# Please Sex My Carpintis



## OscarDempsey (Apr 5, 2011)

Heres a couple pictures, sorry im awful with a camera


----------



## mlancaster (Jul 24, 2009)

Hi *OscarDempsey*,

You have an awesome Carpintis. Based on what I have read and discussed with others, female Carpintis should have a black splotch in the middle of thier dorsal fin. However, I have found with my Carpintis and other pcitures it is hard to tell with thier coloring.

With all that said it is hard to tell with your Carpintis. Like i said, I could not tell with mine until she began trying to mate and i could see a large tubelike vent.

Thanks,
Matt


----------



## YELLOWRAVEN (Feb 12, 2011)

is that guy also known as TEXAS CIChlid ?


----------



## oldcatfish (May 27, 2009)

Quote--"is that guy also known as TEXAS CIChlid ?"

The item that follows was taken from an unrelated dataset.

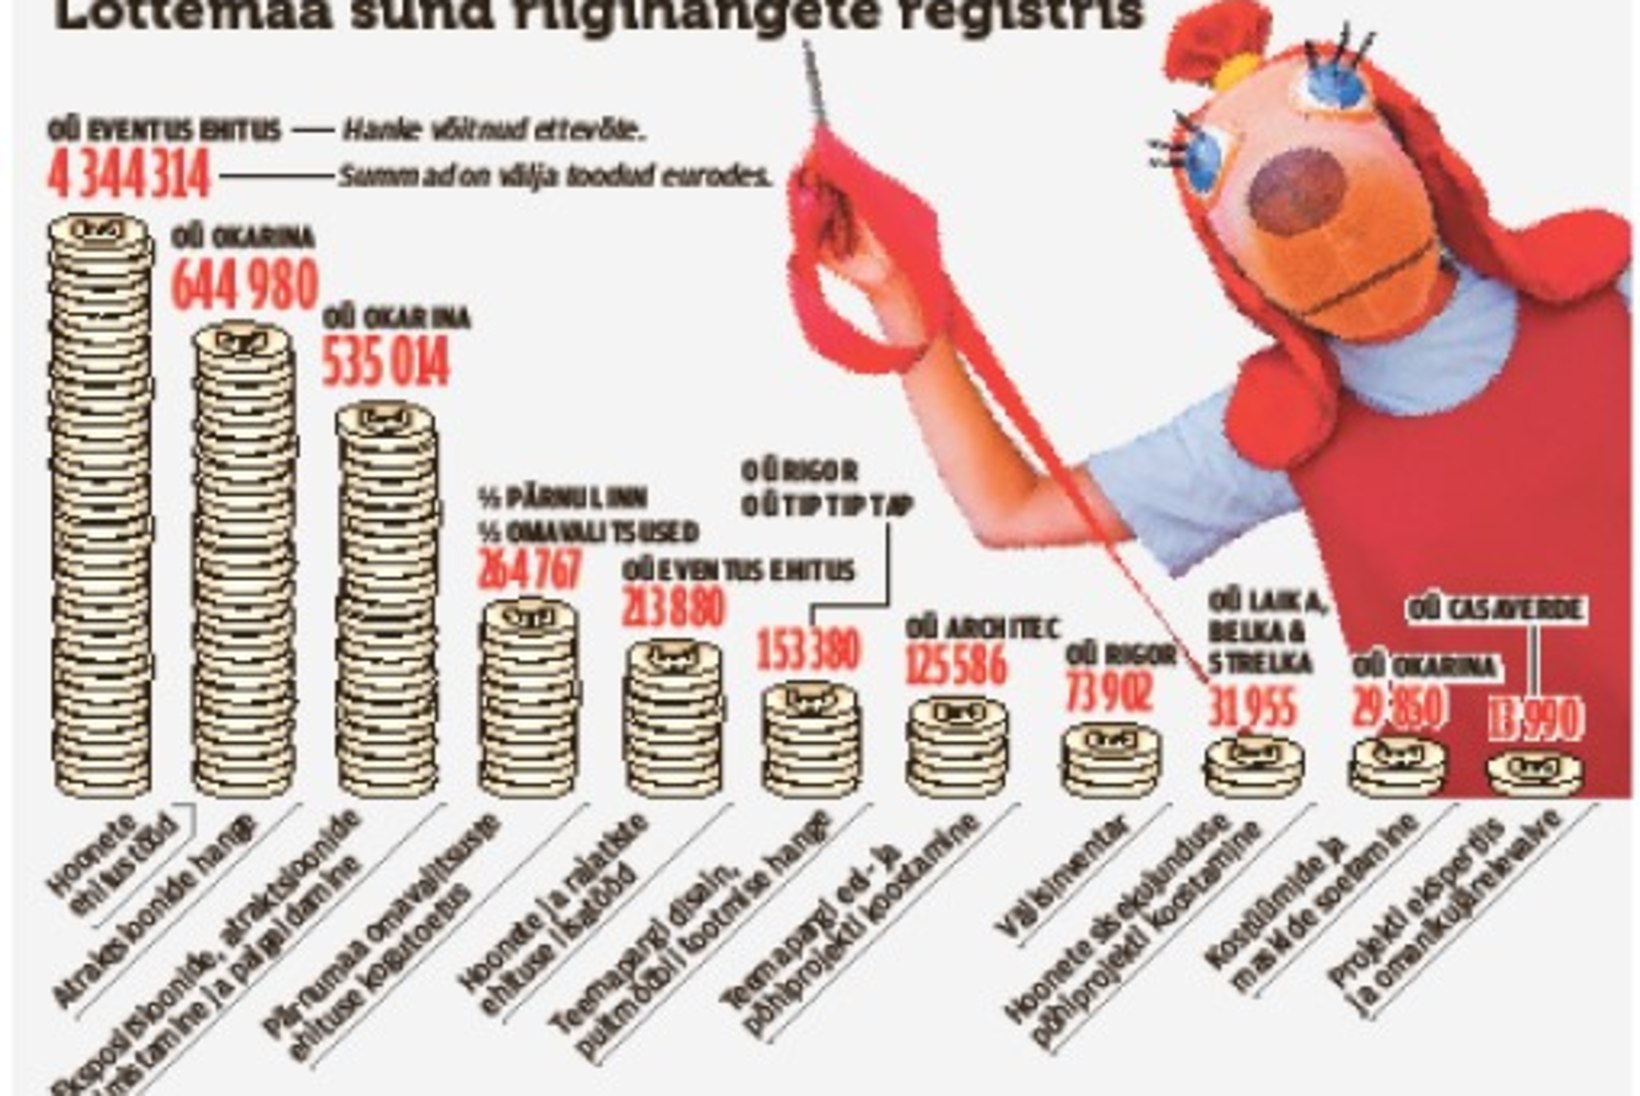 Kähku tehtud kallikene: Lottemaa neelas peaaegu viis miljonit eurot maksumaksja raha

No, "Texas Cichlid" is a similar, very closely related fish. It has smaller, white colored spots . It is H. Cyanoguttatum , while the OP's fish is H. Carpinte....which has larger, greenish/blue colored spots--it's sold as "Green Texas Cichlid" in the aquarium trade.

The fish are easily confused, and they readily hybridize. Often hybrids are available, and sold as one or the other--just like many "Red Devil" or "Midas" cichlids found in the industry are actually a hybrid between the two.

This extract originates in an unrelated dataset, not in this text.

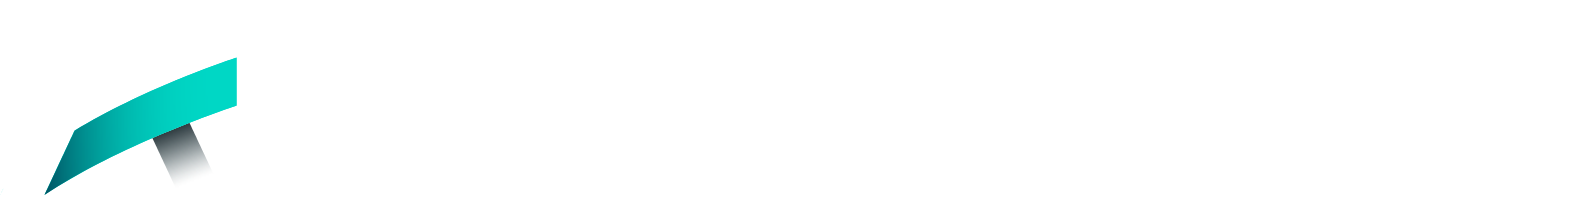 Akerna logo large for dark backgrounds (transparent PNG)

The OP's fish looks like a pure H. Carpinte to me, but you can't really be sure unless it was purchased from a reliable source.


----------



## oldcatfish (May 27, 2009)

By the way--my guess would be that you have a female H. Carpinte...I see a black spot on the dorsal, and the fins look like the females that I've had. But I am not the best at sexing fish without venting--except for Malawi cichlids. I can determine them, usually with about 80% accurately.


----------



## bernie comeau (Feb 19, 2007)

oldcatfish said:


> --except for Malawi cichlids. I can determine them, usually with about 80% accurately.


I'd be curious on your methods for malawi cichlids. I know the sex of any CA/ SA cichlid with in weeks or months based on observing their breeding tubes in the water over the course of a few weeks or months. But mbuna never seem to show enough breeding tube for me to tell. The only way I know their sex for certain is if they are holding and/or I witness the mating act.


----------



## terrorizer (Dec 31, 2011)

I recently found a site that tells you about almost every cichlidideal you could think of I don't know how to link a web site so I will just tell u wat to search for type in the name of the cichlidideal your looking for in your case carpitinis then put a slash animal world and it will tell you everything their is to know including GENDER DIFFERENCES :thumb: hope this helps


----------



## terrorizer (Dec 31, 2011)

The website is animal world


----------



## oldcatfish (May 27, 2009)

Quote: "I'd be curious on your methods for malawi cichlids. I know the sex of any CA/ SA cichlid with in weeks or months based on observing their breeding tubes in the water over the course of a few weeks or months. But mbuna never seem to show enough breeding tube for me to tell. The only way I know their sex for certain is if they are holding and/or I witness the mating act."

Bernie, it's hard for me to describe. I have much more experience with Malawi cichlids than CA's or SA's. I've kept and bred most of the commonly available Malawi's. I'll try to describe it though, and it does vary by species:

First, I observe a tank full of one or two species. The biggest one is usually male. For species that both sexes have the same coloration such as M. Estherae (red zebra) or M. Callainos (cobalt zebra), there are subtle color differences. With red zebras, the females will be more of a deep orange/red, while males will be slightly more faded. In the case of cobalt zebra, the males will be a bit brighter/lighter blue colored, females will be a little darker/less bright. If the species have different male/female coloration, you have to look at signs of slight color fading or changing from the female coloration, to determine the males. Also, the number of egg spots--males almost always have more. Finally, in the case of Haplochromines or Aulonocara (peacocks)--you also look for egg spots, and any hint of coloration around the face, gill, tail, or dorsal fin. If I want a male with several females, I'll choose the largest one that looks different from several smaller ones that I choose.

All of these things are subtle though, and you have to look at a tank full of juveniles from the same brood. If you mix a bunch from different sources, it's less accurate. Even within the same brood, I'm sometimes wrong. I use a similar method with CA's and SA's--but it does seem to be a bit less accurate. This method doesn't work with hybrids and the infamous "mixed Africans" either--since even if they were pure species, there isn't enough of any one species to compare.


----------